Liberalizing cross-border movements of workers within the European Community has had no discernible effect on labour markets, largely on account of remaining cultural and linguistic barriers to mobility. In Discussion Paper No. 694, Research Fellow Jean-Pierre Danthine and Jennifer Hunt argue that European economic integration will nevertheless affect labour markets. Recent empirical work suggests that countries with highly centralized wage-bargaining structures (Austria and the Nordic countries) and those with highly decentralized labour market institutions (Japan, Switzerland and the US) exhibit stronger employment performance than those `in between' (including most EC member states). This will clearly assume policy relevance if the EFTA countries join the Community.

Danthine and Hunt consider how increased product market competition modifies the optimal strategies of unions that exert significant market power, and hence employment and wages.

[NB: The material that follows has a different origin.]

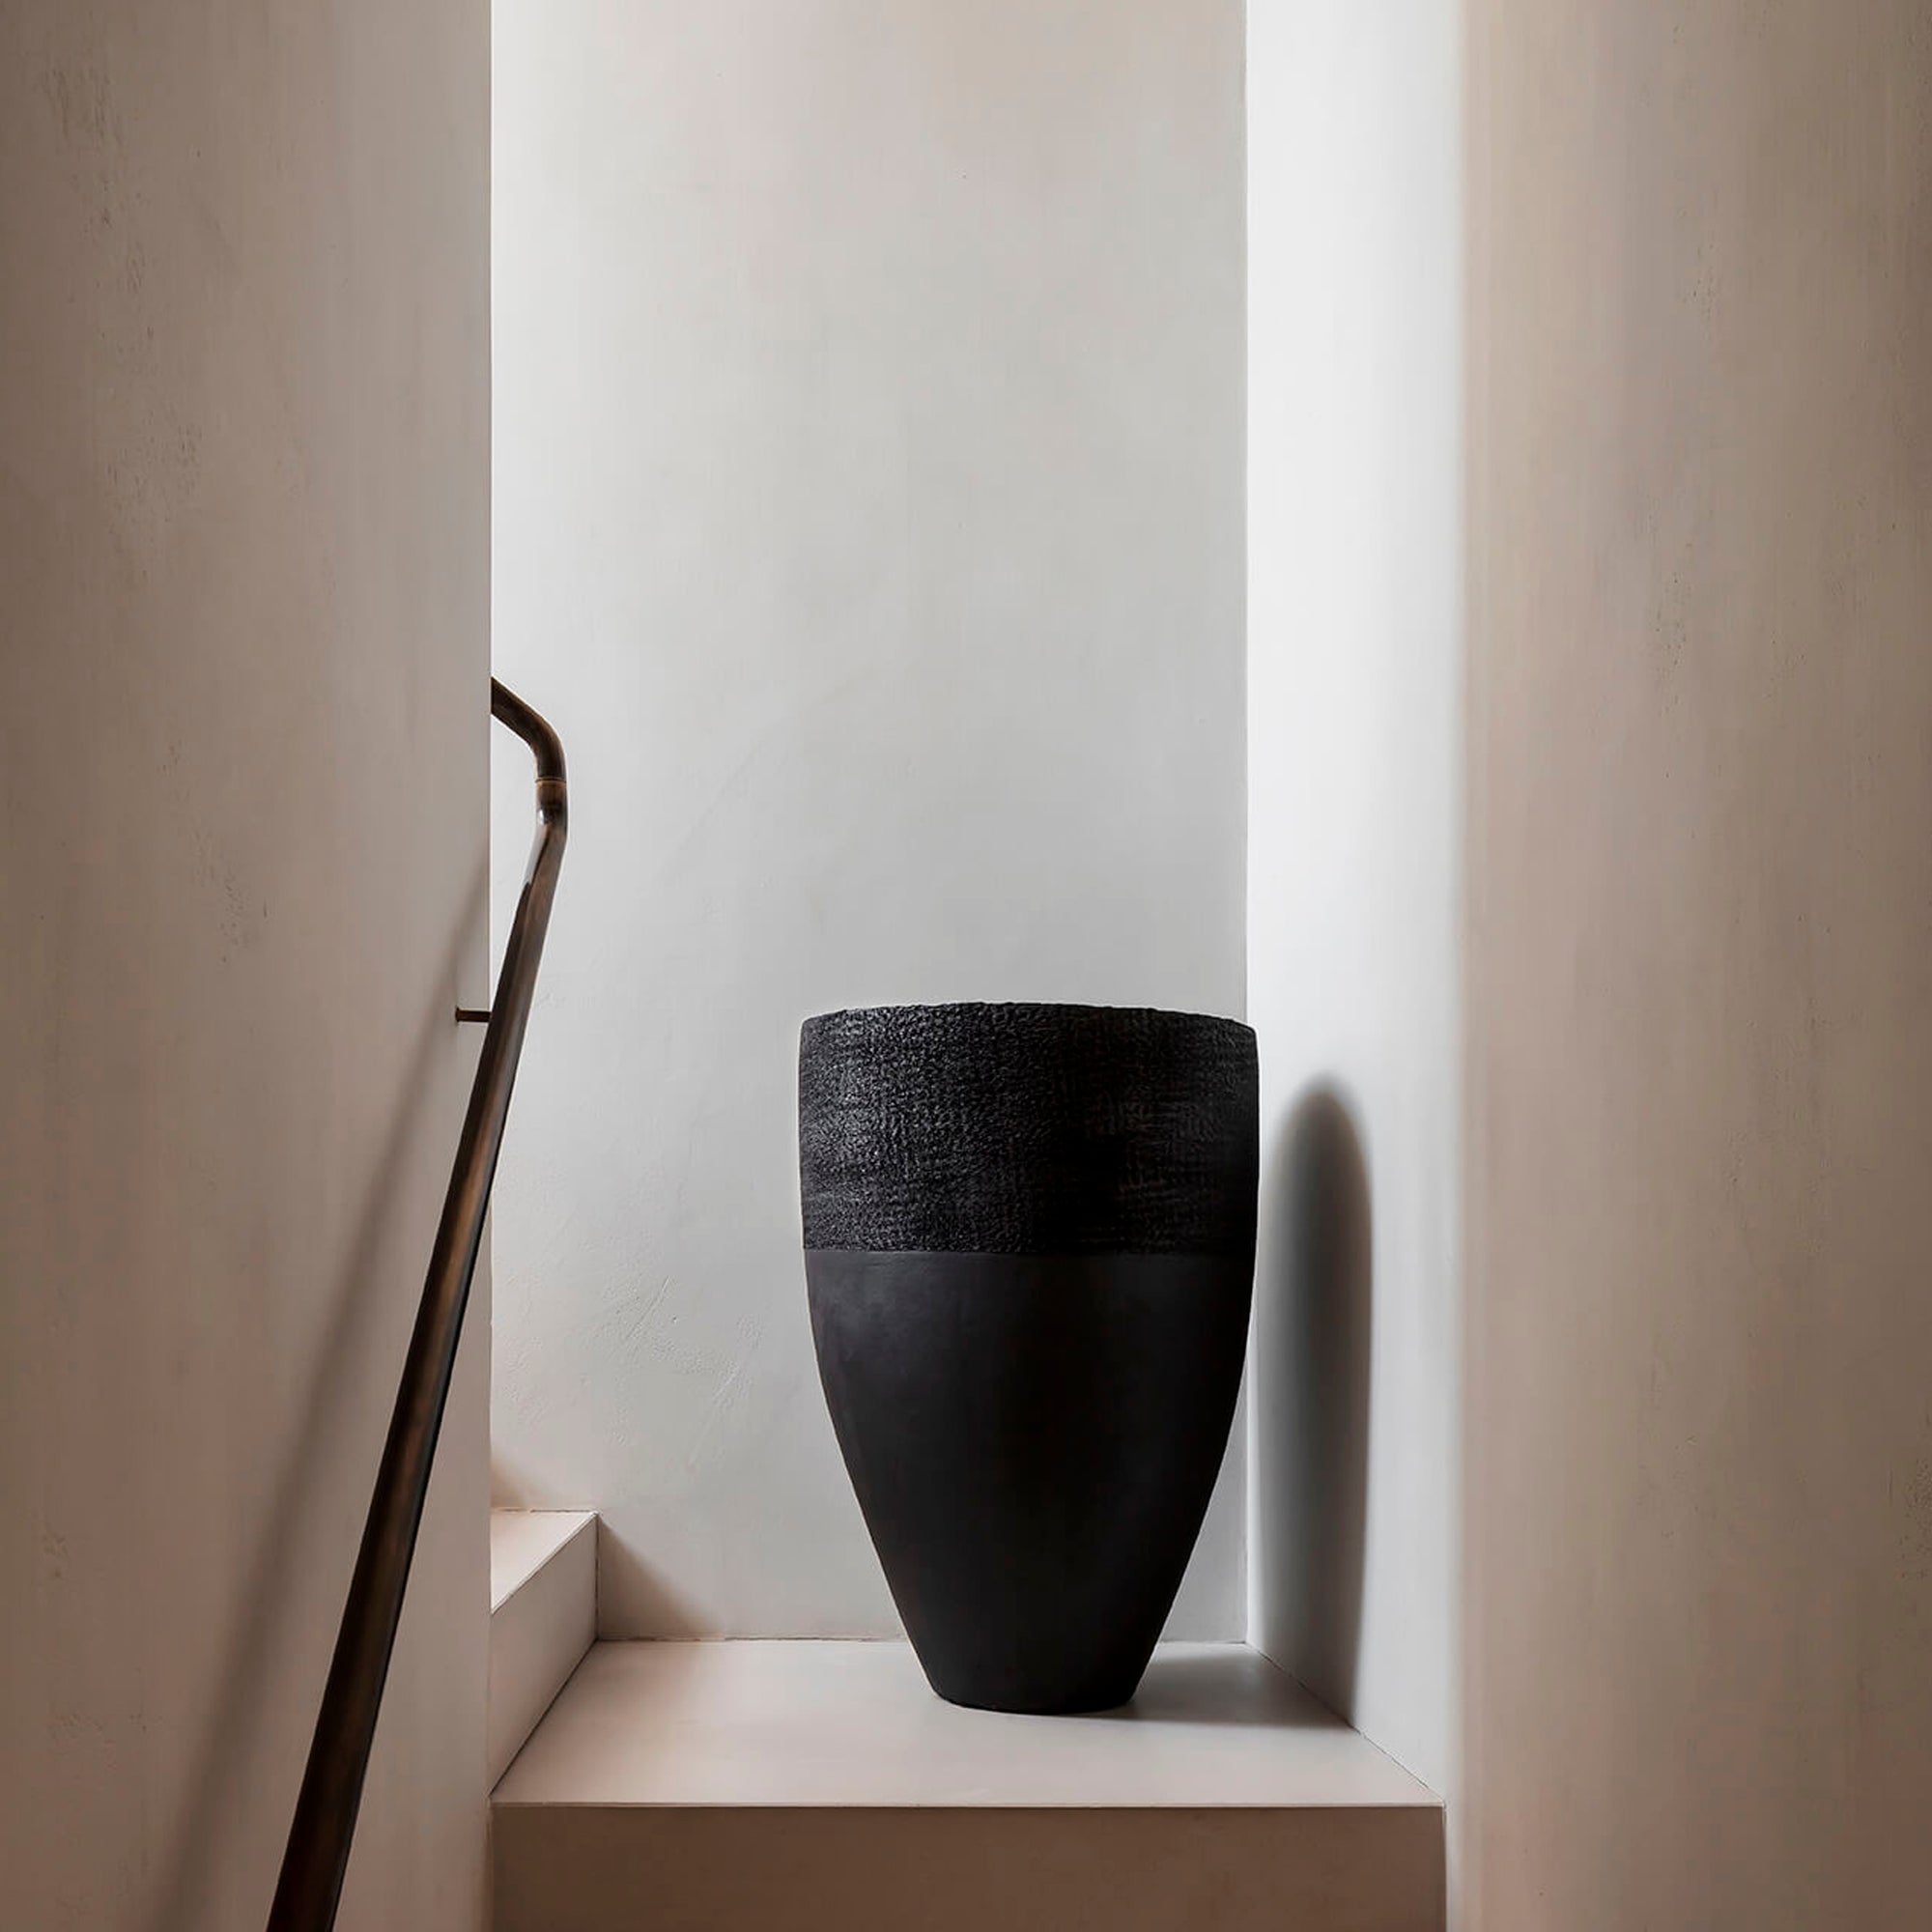 Domani Paris ist ein Blumenkübel in schwarz mit einem Ø40cm und einer Höhe von 120cm. Dieses Gefäß steht in einem hellen Treppenaufgang auf der mittleren Ebene.

As two fully centralized economies integrate to form one, their unions must merge to maintain a `corporatist' structure. Bargaining at the `wrong' level in an imperfectly integrated world entails high employment costs, but it is less damaging as competition intensifies; as the trade-off between wages and unemployment deteriorates, unions attach less weight to high wages. Integrating corporatist economies has a discrete negative impact on their efficiency as national unions impose externalities on one another, but this is offset by strong international competition, which reduces the unions' margin for manoeuvre and substitutes market discipline for global vision.

Danthine and Hunt then consider competition between alternative models within the single market. Results from their two-country model suggest that a corporatist economy will suffer from imperfect integration with a more decentralized competitor, whose performance is less sensitive to its partner's wage-bargaining structure; but the harmful effects of bargaining at the `wrong' level diminish as integration proceeds. Full economic integration therefore need not threaten the coexistence of different national systems of wage setting. The authors caution, however, that the similar performance of these two labour markets after integration conceals very different processes of adaptation. Centralized economies must undergo much more price and wage adjustment than decentralized ones for the equilibrium price level finally to stabilize below the level that prevails initially in the decentralized economy, while wage differences also fall sharply. Real-world unions will therefore adapt more slowly than the rational unions in this model; in centralized economies, unions may find it difficult to alter long-standing practices, so the effects of integration on unemployment are likely to be less favourable than this model suggests.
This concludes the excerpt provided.